When the instructions are executed by the processor 705, the processor 705 may perform determining whether a set condition for a TTI is satisfied, storing, in the memory 710 at each TTI until a set TTI elapses, a data array including a network state of a current TTI, a scheduler type selected at the network state of the current TTI, a network state of a next TTI, and an actual compensation value for the network state of the current TTI, in response to the set condition being satisfied, updating parameters of a first neural network based on at least one of data arrays stored in the memory 710, inputting the network state of the current TTI into the first neural network, in response to the set condition being not satisfied, and selecting a scheduler using an output from the first neural network based on the inputted network state of the current TTI.


The updating of the parameters may further include extracting at least one data array from the memory 710, and adjusting the parameters of the first neural network based on the extracted data array.


The extracting of the data array may include randomly extracting a number of data arrays corresponding to a set batch size from the memory 710.


The adjusting of the parameters of the first neural network may include determining an estimated compensation value by inputting the network state of the current TTI and the selected scheduler type included in the extracted data array into the first neural network, determining a maximum compensation value by inputting the network state of the next TTI included in the extracted data array into a second neural network, determining a target compensation value based on the maximum compensation value and the actual compensation value included in the extracted data array, determining a loss value based on a difference between the estimated compensation value and the target compensation value, and adjusting the parameters of the first neural network so that the loss value may decrease.


The determining of the target compensation value may include applying a set depreciation rate to the maximum compensation value, and determining the target compensation value by adding the actual compensation value and the maximum compensation value to which the depreciation rate is applied.

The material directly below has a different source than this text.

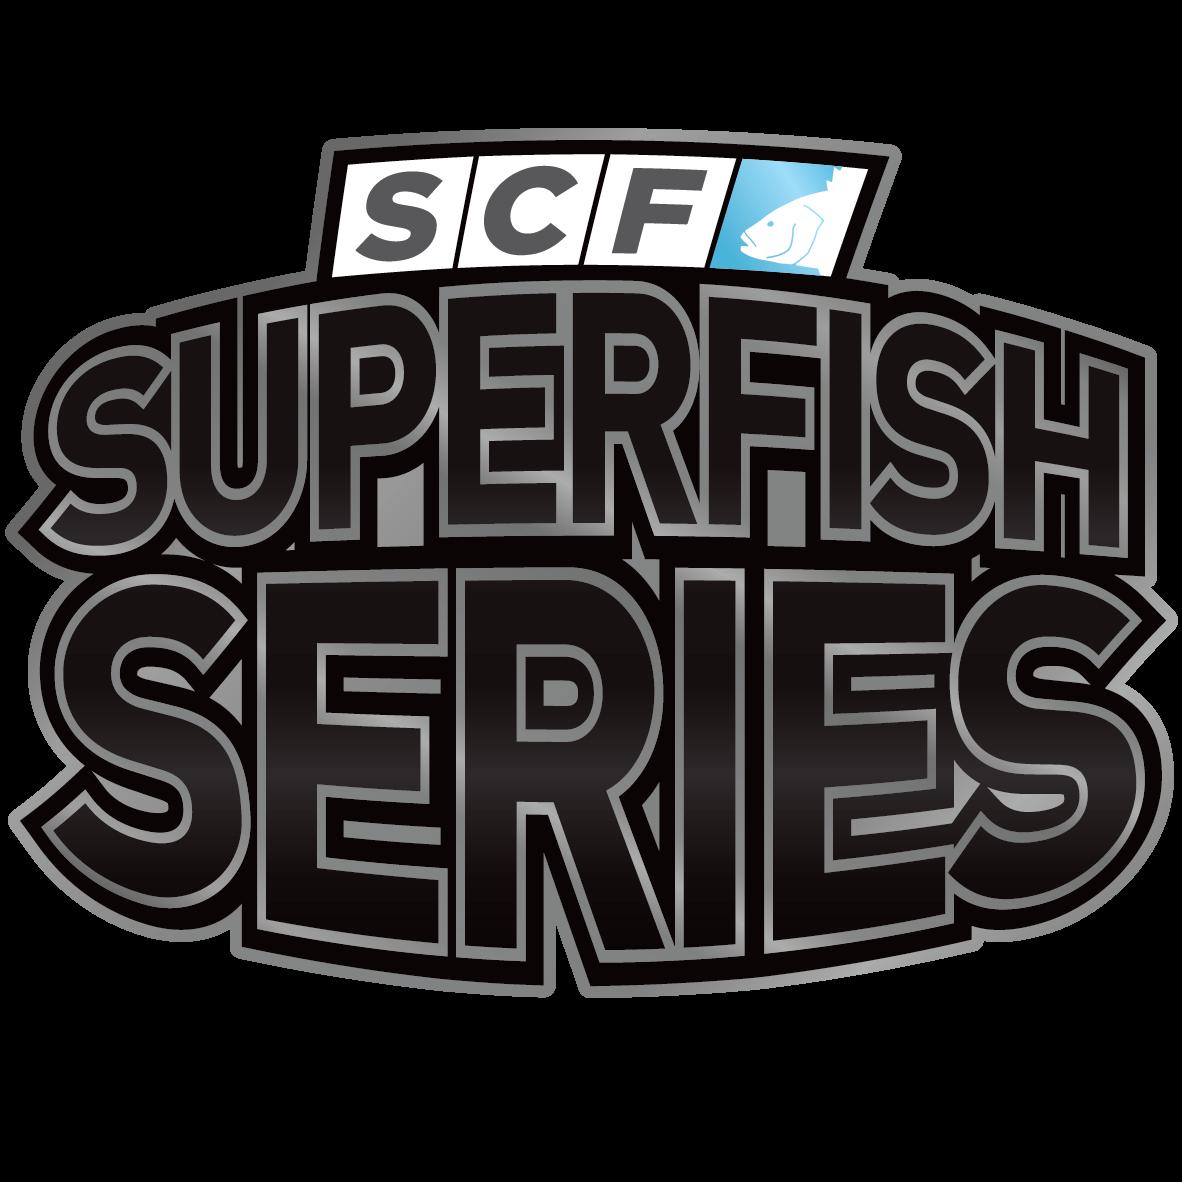 scf-superfish_logoblackbg_blackbg.png

The updating of the parameters of the first neural network may include periodically updating parameters of the second neural network to be the same as the parameters of the first neural network.


The network state may include uncontrollable states regarding a number of communication UEs, a type of application, and a channel quality, and controllable states regarding a packet transmission time, a packet transmission rate, and a PLR.


The actual compensation value may be an average value of QoS values determined for communication UEs belonging to the network based on requirements regarding the type of application and the controllable states.


The determining of whether the set condition is satisfied may include determining a reference value for the current TTI within a set value range, and determining that the set condition is satisfied, in response to the reference value being greater than an arbitrary comparative value determined within the set value range.


The reference value may decrease as time elapses.


A scheduling method according to an example embodiment may include determining whether a set condition for a transmission time interval (TTI) is satisfied, storing, in a memory at each TTI until a set TTI elapses, a data array including a network state of a current TTI, a scheduler type selected at the network state of the current TTI, a network state of a next TTI, and an actual compensation value for the network state of the current TTI, in response to the set condition being satisfied, updating parameters of a first neural network based on at least one of data arrays stored in the memory, inputting the network state of the current TTI into the first neural network, in response to the set condition being not satisfied, and selecting a scheduler using an output from the first neural network based on the input network state of the current TTI.


The updating of the parameters may further include extracting at least one data array from the memory, and adjusting the parameters of the first neural network based on the extracted data array.


The extracting of the data array may include randomly extracting a number of data arrays corresponding to a set batch size from the memory.


The adjusting of the parameters of the first neural network may include determining an estimated compensation value by inputting the network state of the current TTI and the selected scheduler type included in the extracted data array into the first neural network, determining a maximum compensation value by inputting the network state of the next TTI included in the extracted data array into a second neural network, determining a target compensation value based on the maximum compensation value and the actual compensation value included in the extracted data array, determining a loss value based on a difference between the estimated compensation value and the target compensation value, and adjusting the parameters of the first neural network so that the loss value may decrease.


The determining of the target compensation value may include applying a set depreciation rate to the maximum compensation value, and determining the target compensation value by adding the actual compensation value and the maximum compensation value to which the depreciation rate is applied.


The updating of the parameters of the first neural network may include periodically updating parameters of the second neural network to be the same as the parameters of the first neural network.


The network state may include uncontrollable states regarding a number of communication UEs, a type of application, and a channel quality, and controllable states regarding a packet transmission time, a packet transmission rate, and a packet loss rate (PLR).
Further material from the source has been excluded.